**Task details:** Set down the full listing below word for word; pictures stay out of the copy.

Source data START

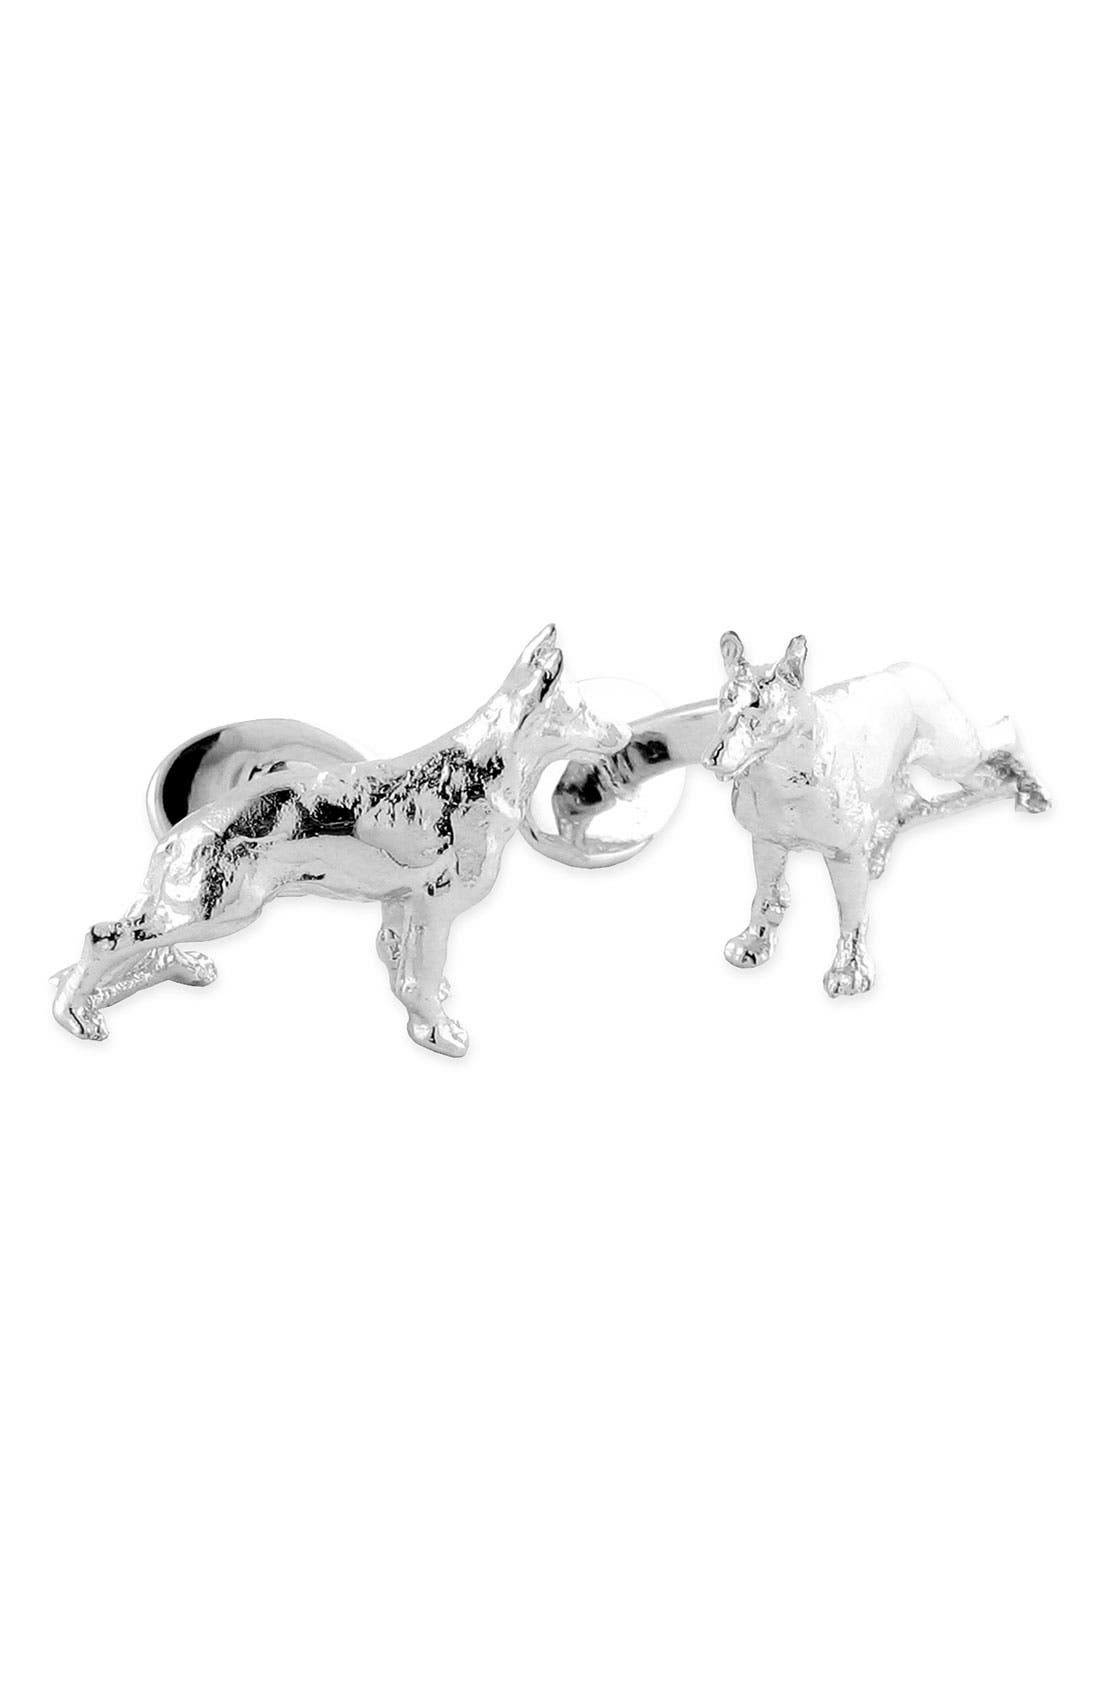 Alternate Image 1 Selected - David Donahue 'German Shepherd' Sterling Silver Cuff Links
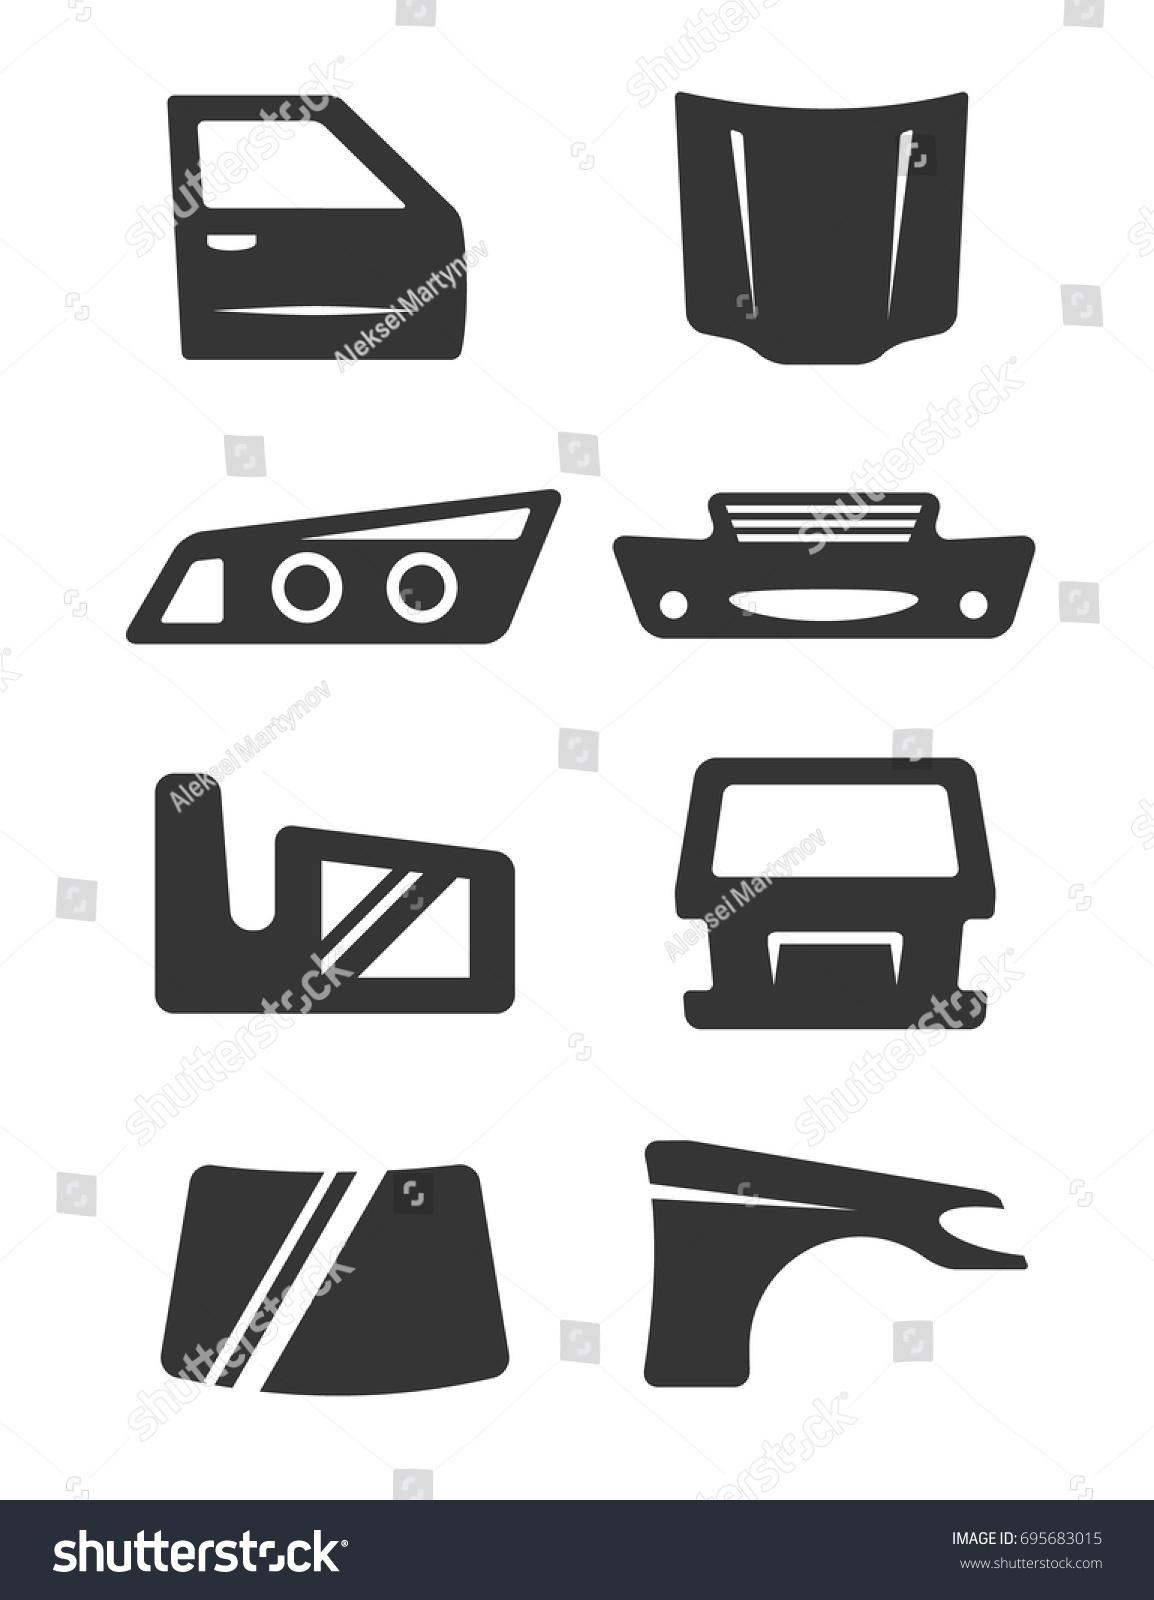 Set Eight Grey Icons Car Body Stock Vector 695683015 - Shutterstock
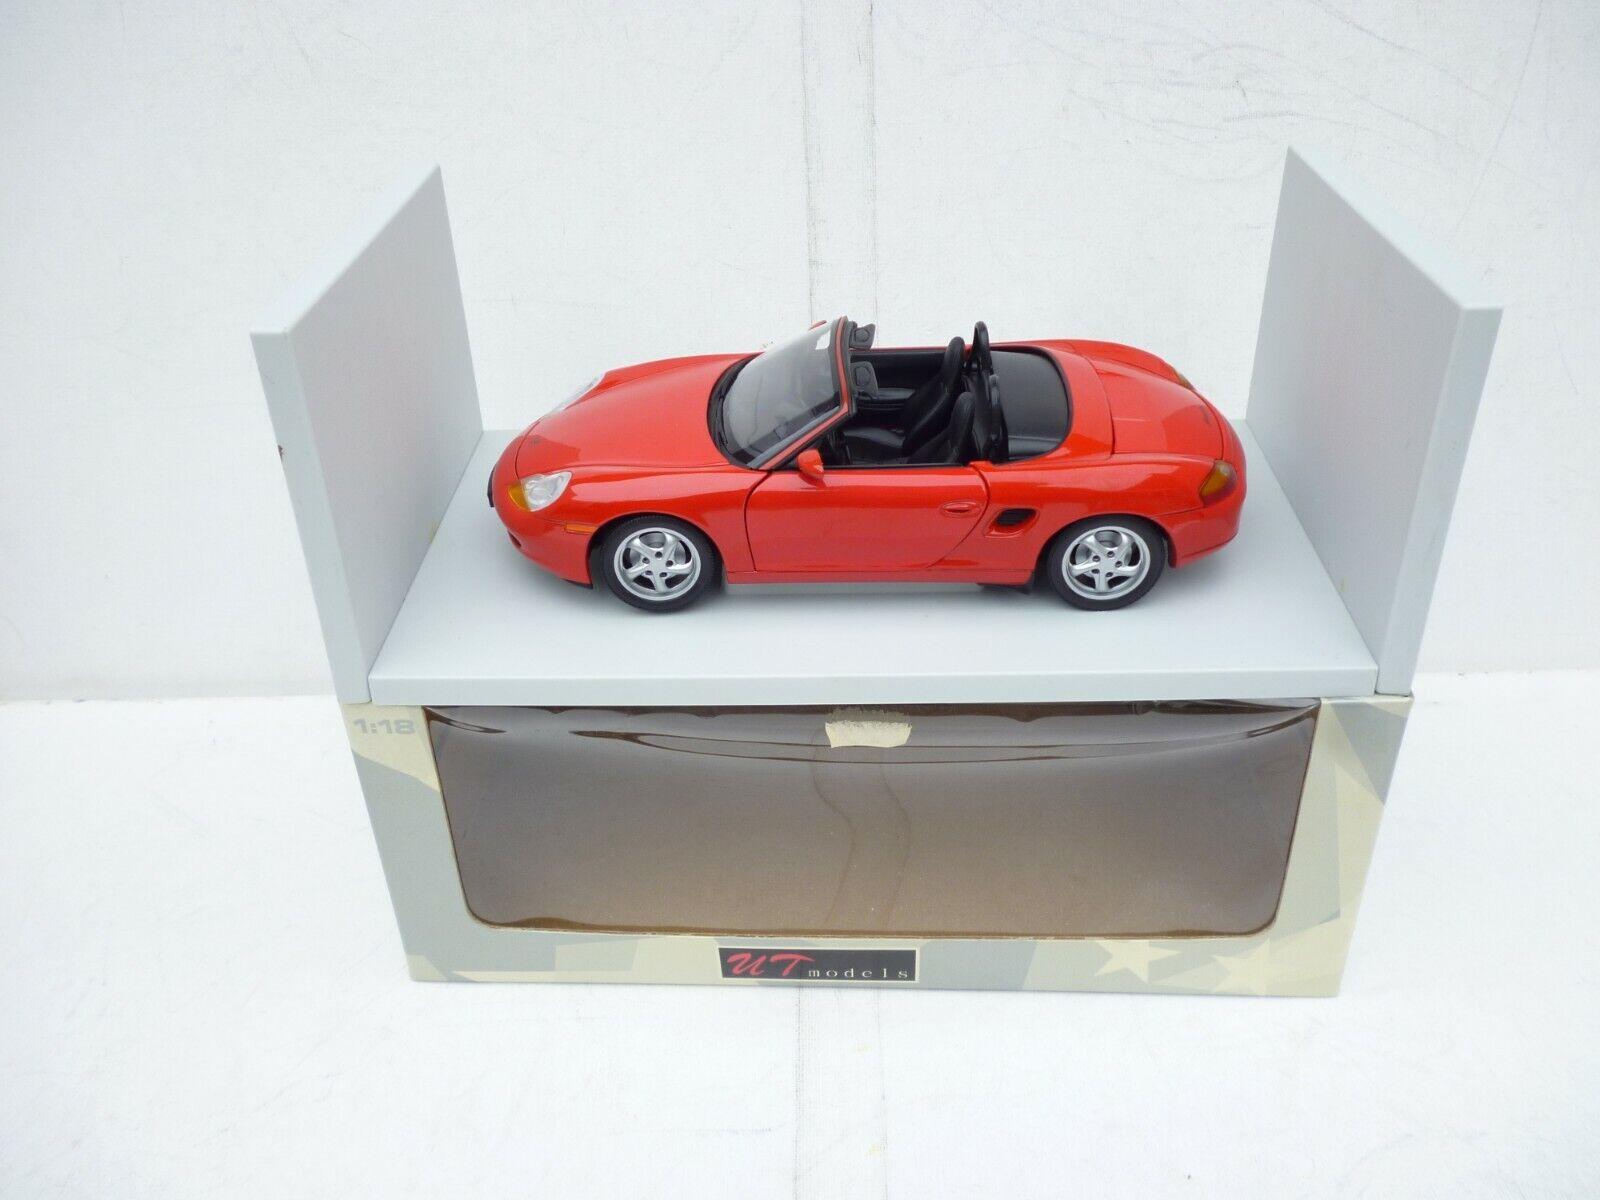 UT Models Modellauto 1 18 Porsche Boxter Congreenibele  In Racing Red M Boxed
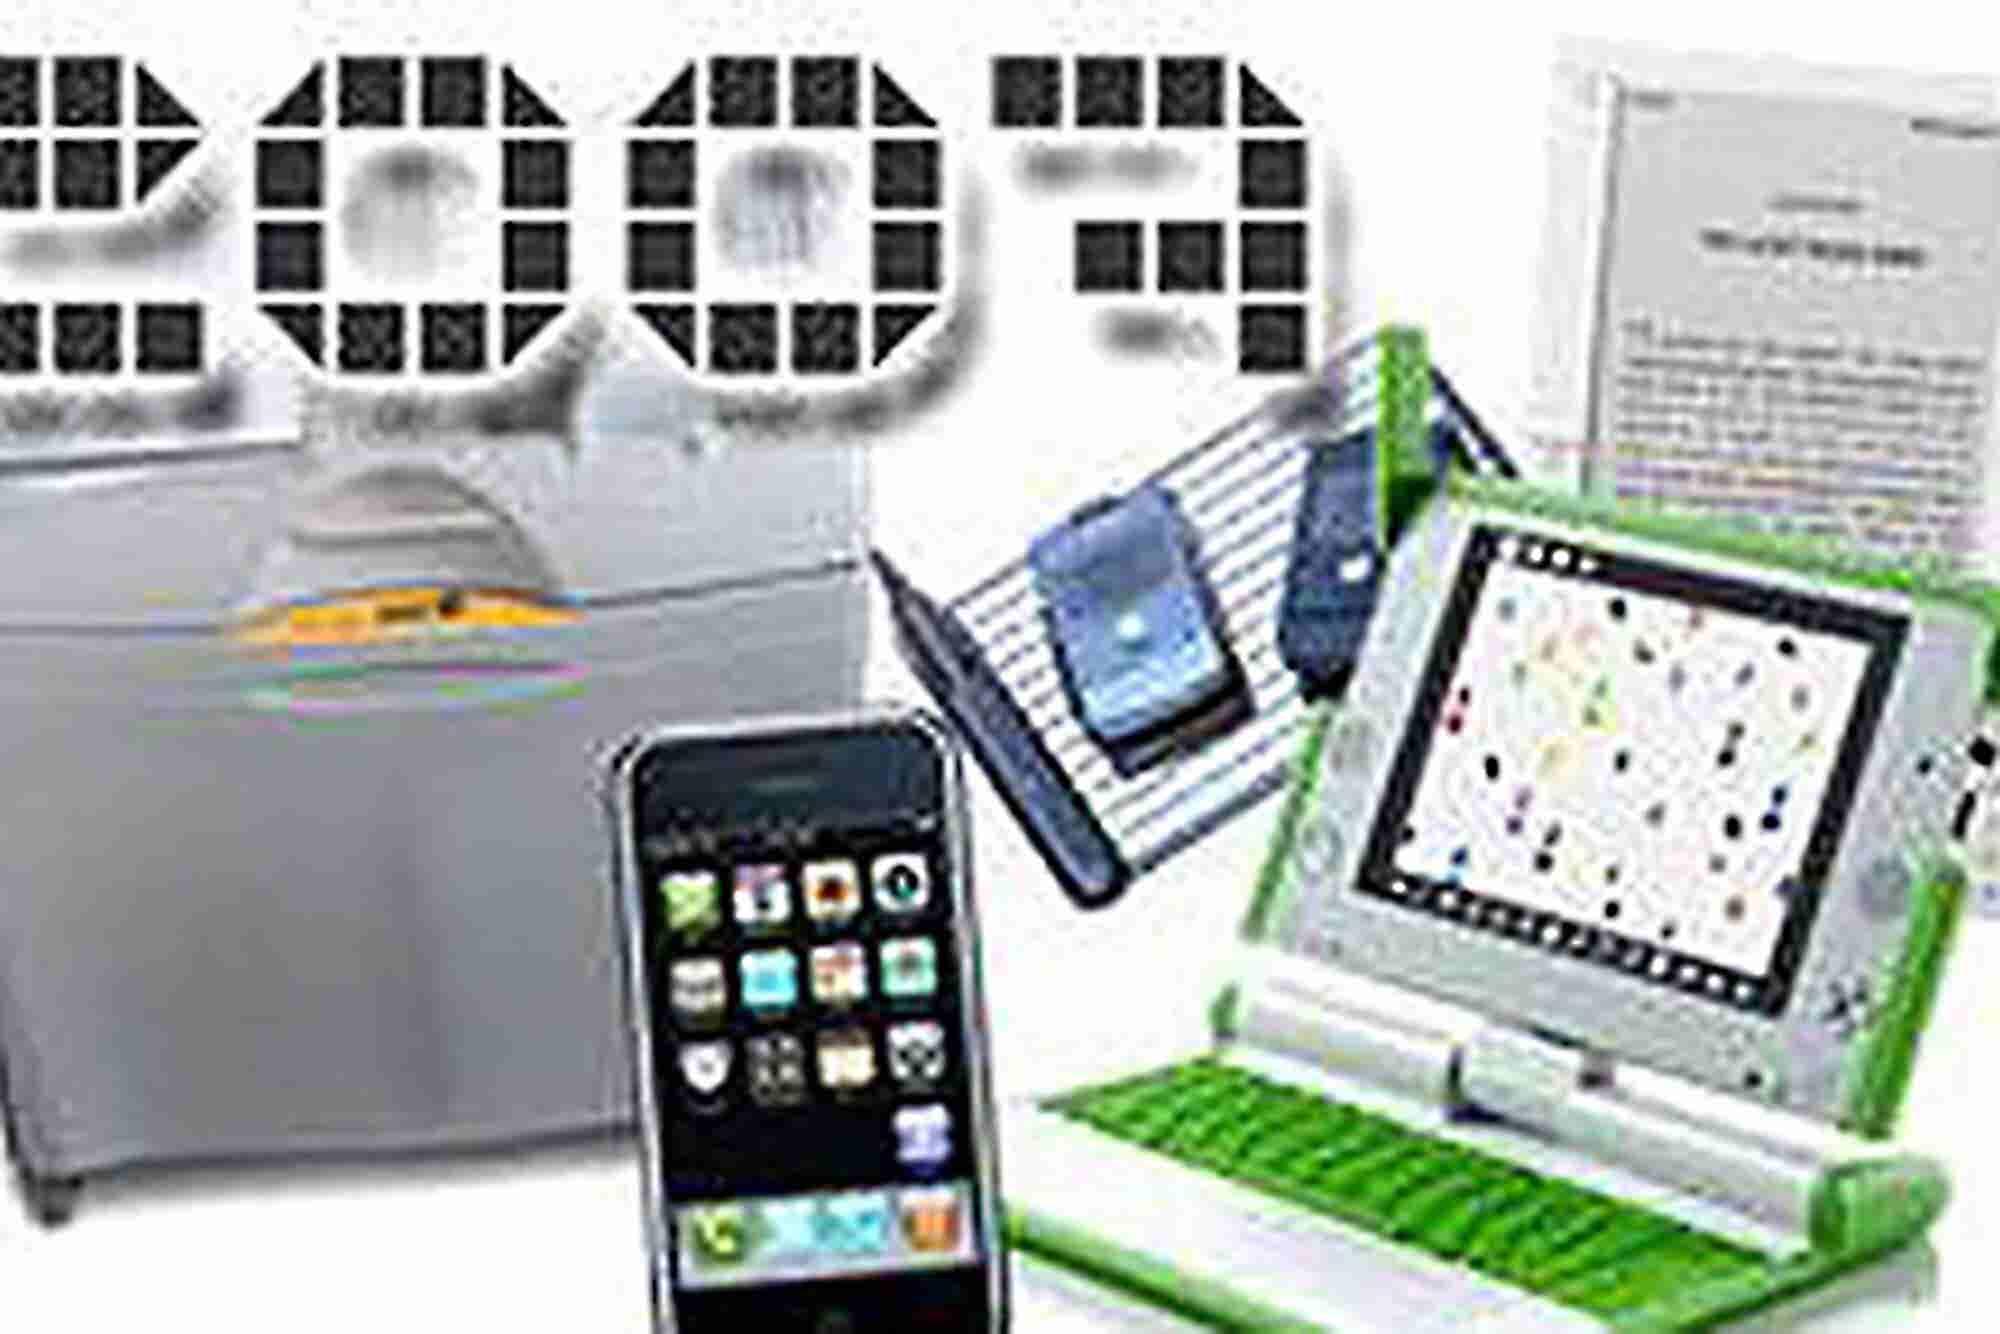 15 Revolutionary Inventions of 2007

Source data END

**Answer for the task:**
 Alternate Image 1 Selected - David Donahue 'German Shepherd' Sterling Silver Cuff Links
 Set Eight Grey Icons Car Body Stock Vector 695683015 - Shutterstock
 UT Models Modellauto 1 18 Porsche Boxter Congreenibele  In Racing Red M Boxed
 15 Revolutionary Inventions of 2007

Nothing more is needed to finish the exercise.